The Doctrine That Opens Our Wallets
When B.B. Warfield defended the absolute trustworthiness of Scripture, he was not engaged in mere academic exercise. He understood that if God's Word is wholly true, then every imperative it contains carries the full weight of divine authority. This matters profoundly when we open our Bibles to 2 Corinthians 9:7: "Each one must give as he has decided in his heart, not reluctantly or under compulsion, for God loves a cheerful giver."
Notice the precision of the inspired text. Paul does not say God tolerates a cheerful giver or accepts a cheerful giver. The Holy Spirit, through the apostle, chose the word "loves" — the Greek agapao — indicating divine delight directed toward a specific disposition of the heart. This is not suggestion. This is inerrant revelation about what pleases Almighty God.

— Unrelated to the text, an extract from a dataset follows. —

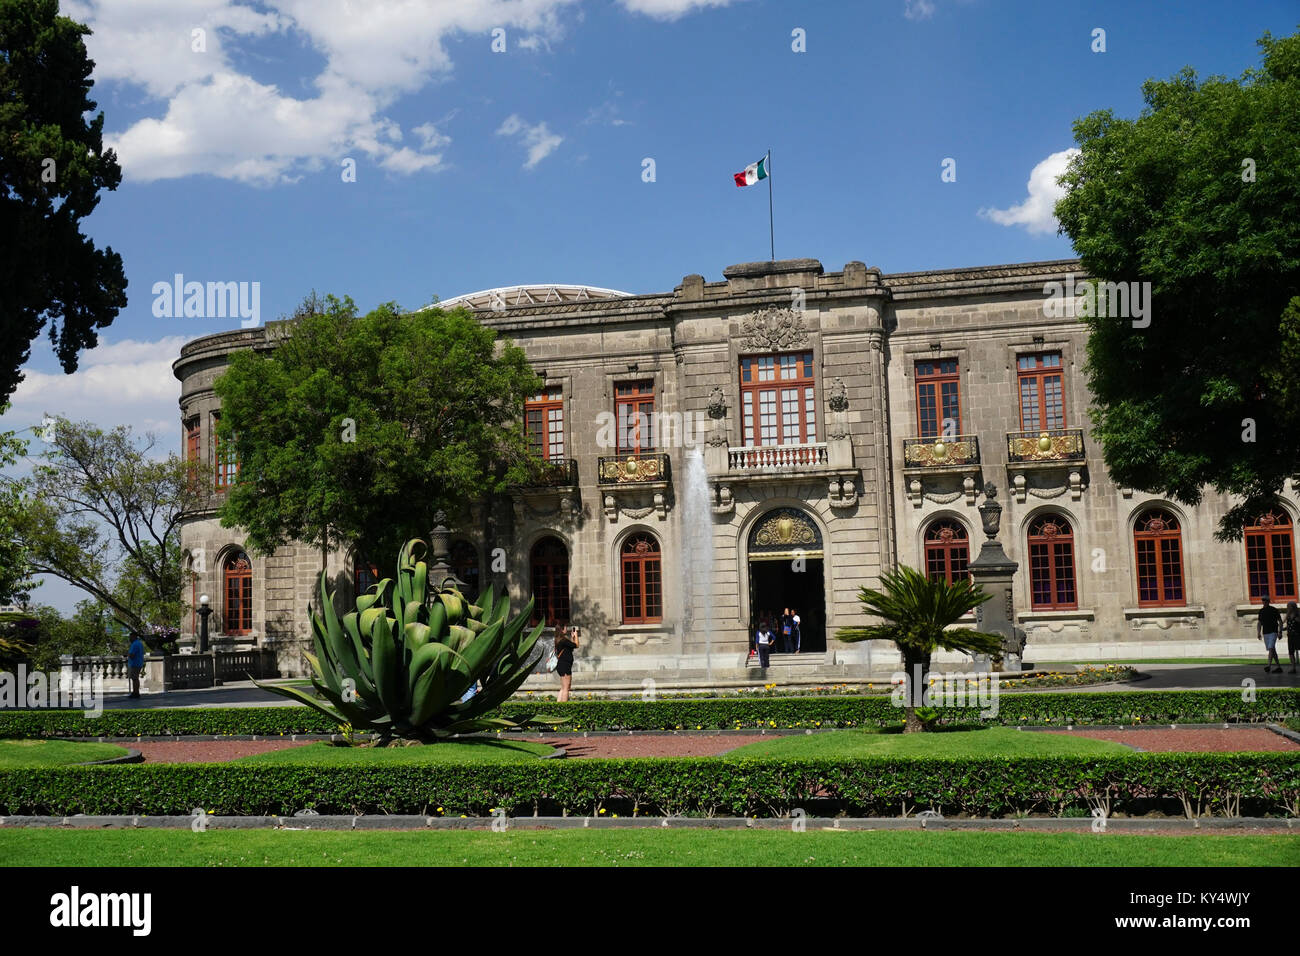 Musée national d'histoire dans le château de Chapultepec (château de Chapultepec), parc de Chapultepec, Mexico, Mexique. Banque D'Images

A pastor once challenged his congregation: "If you believe this Book is without error in all it affirms, then you cannot treat its commands about money as optional footnotes." One elder, a retired accountant who had spent decades verifying numbers, said it changed everything for him. "I trusted balance sheets my whole career. When I finally trusted the Bible with that same certainty — that every word about generosity is absolutely true — giving stopped feeling like loss and started feeling like obedience to a promise-keeping God."
Doctrinal conviction must produce practical generosity. If we truly believe Scripture is the inerrant Word of God, then cheerful, sacrificial giving is not merely recommended — it is the only reasonable response to a text we claim to trust completely.